The knuckles of your bow hand should be at a 45 degree angle to the bow. Only the pad next to your thumb should be on the bow grip.


----------



## aread (Dec 25, 2009)

The biggest thing I see is that the bow's ATA is too short for you. Because it's too short, you have to tilt your head forward to anchor your nose on the string and see through the peep. This is probably the reason you pushing your hips forward and causing your bow shoulder to be so high.

All of this makes it difficult to be centered and balanced during your shot. The high bow shoulder is less stable than if it were down a bit. 

Short bows are great for shooting from a stand or ground blind. But not so much for the rest of the year. 

JMHO,
Allen


----------



## 6bloodychunks (Oct 26, 2005)

yes, only the fatty part below your thumb should be contacting the grip.
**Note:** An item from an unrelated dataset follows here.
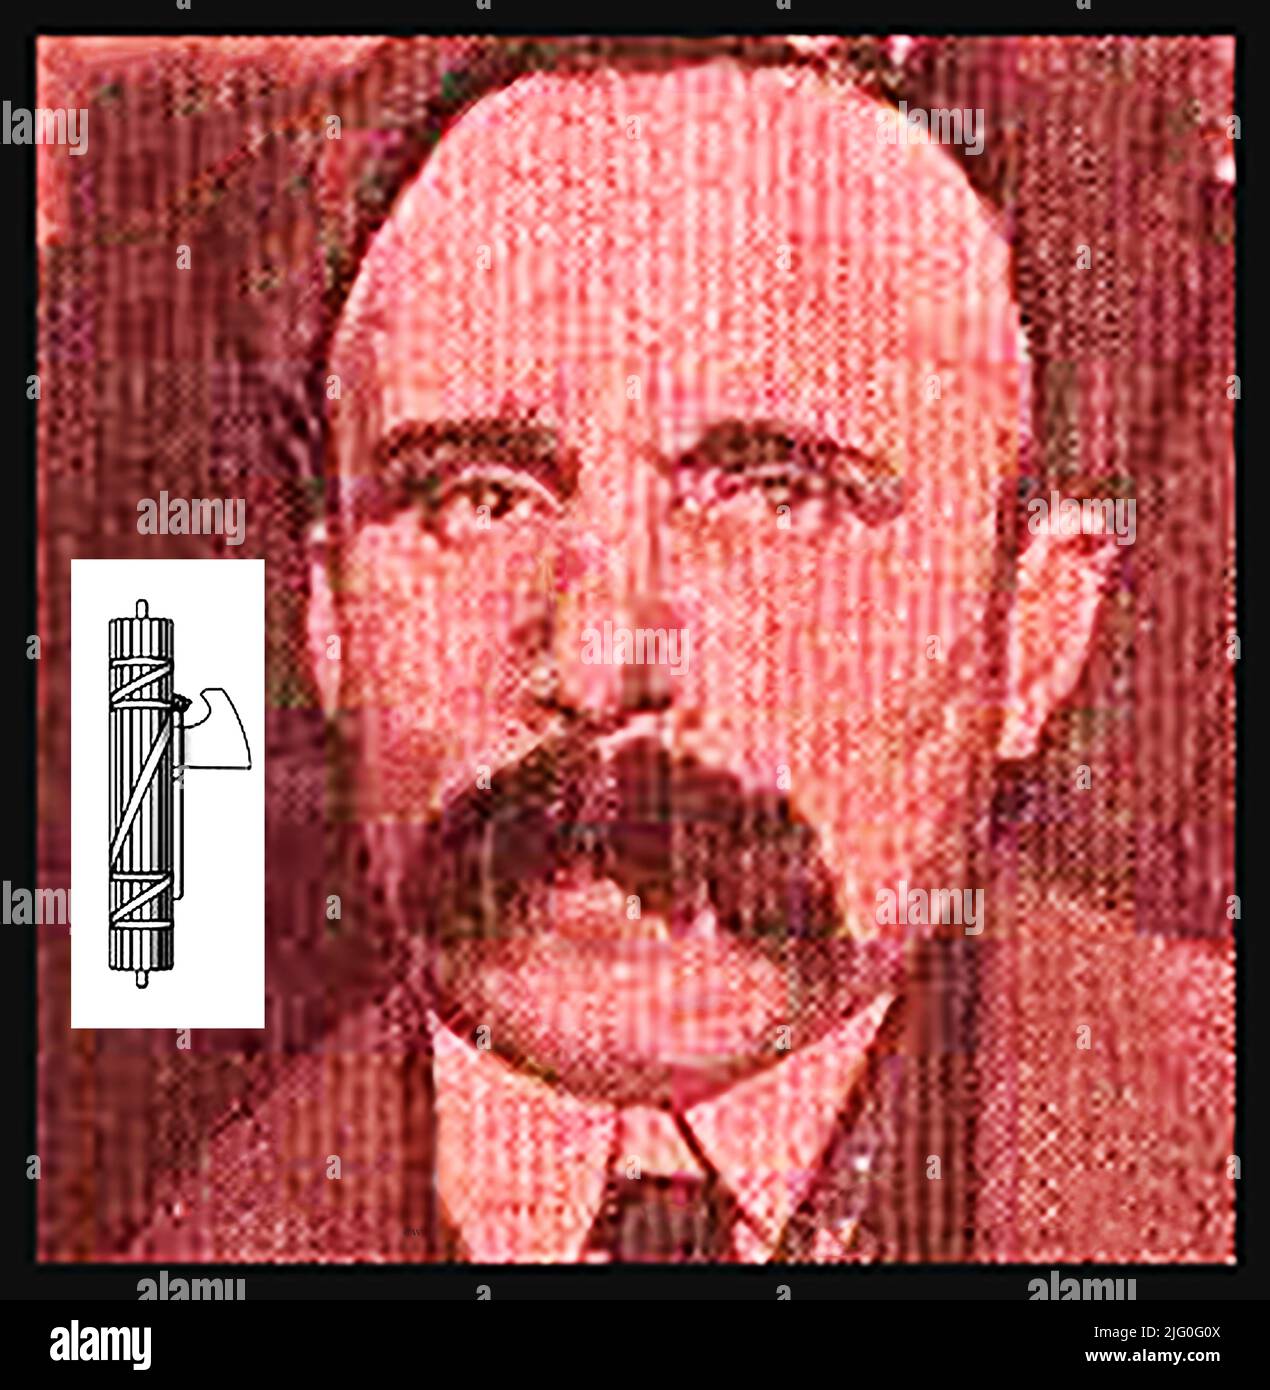 Portrait of Italian born US  anarchist Bartolomeo Vanzetti (inset is the fascist symbol). Portrait of Italian born US  anarchist Niccolo Sacco (inset is the fascist fasces symbol). The US  Italian migrants Sacco &  Vanzetti   were controversially accused of being anarchists who had murdered a guard and a paymaster during an armed robbery at the Slater and Morrill Shoe Company in Braintree, Massachusetts. They were found guilty and were executed in the electric chair at Charlestown State Prison on July 14, 1921. Some believe that they were innocent scapegoats used  as a convenient means to put Stock Photo

a good trick ive found to show someone how to hold a bow properly is,

let your bow arm fall down to your side limp and relax your hand,

now without moving your hand or fingers raise your arm out in front of you like your holding your bow,

your hand will be in the perfect position.



think of it this way,if you put a compass on the wall and face it,when you are holding your bow,your palm should be pointing south east (for a right hand person)

right now yours is pointing dead east.


----------



## DarkFedaykin (Jun 4, 2013)

Thank you all so much for the information. I will have to work on the information one part at a time to see whats helping. I appreciate any and all help i can get.

Sent from my ASUS Transformer Pad TF700T using Tapatalk HD


----------



## DarkFedaykin (Jun 4, 2013)

Here are some pictures of my grip.















Sometimes my fingers curl in more when relaxed. But I try to leave them wherever they want to float


----------



## mike 66 (Jan 21, 2010)

this is what i see,, your grip is BAD.... and you grab the bow,you punch the trigger of the release aid which looks too long, your follow through is dead.bow looks short but it might be the peep not set right for you. the [T] is off a bit.


----------



## DarkFedaykin (Jun 4, 2013)

Thanks Mike, your input has made me pay more attention. I have noticed when drawing with my eyes closed my peep was too low. This is because it wasn't served properly and was sliding up and down on my string. Thanks bass pro!!


----------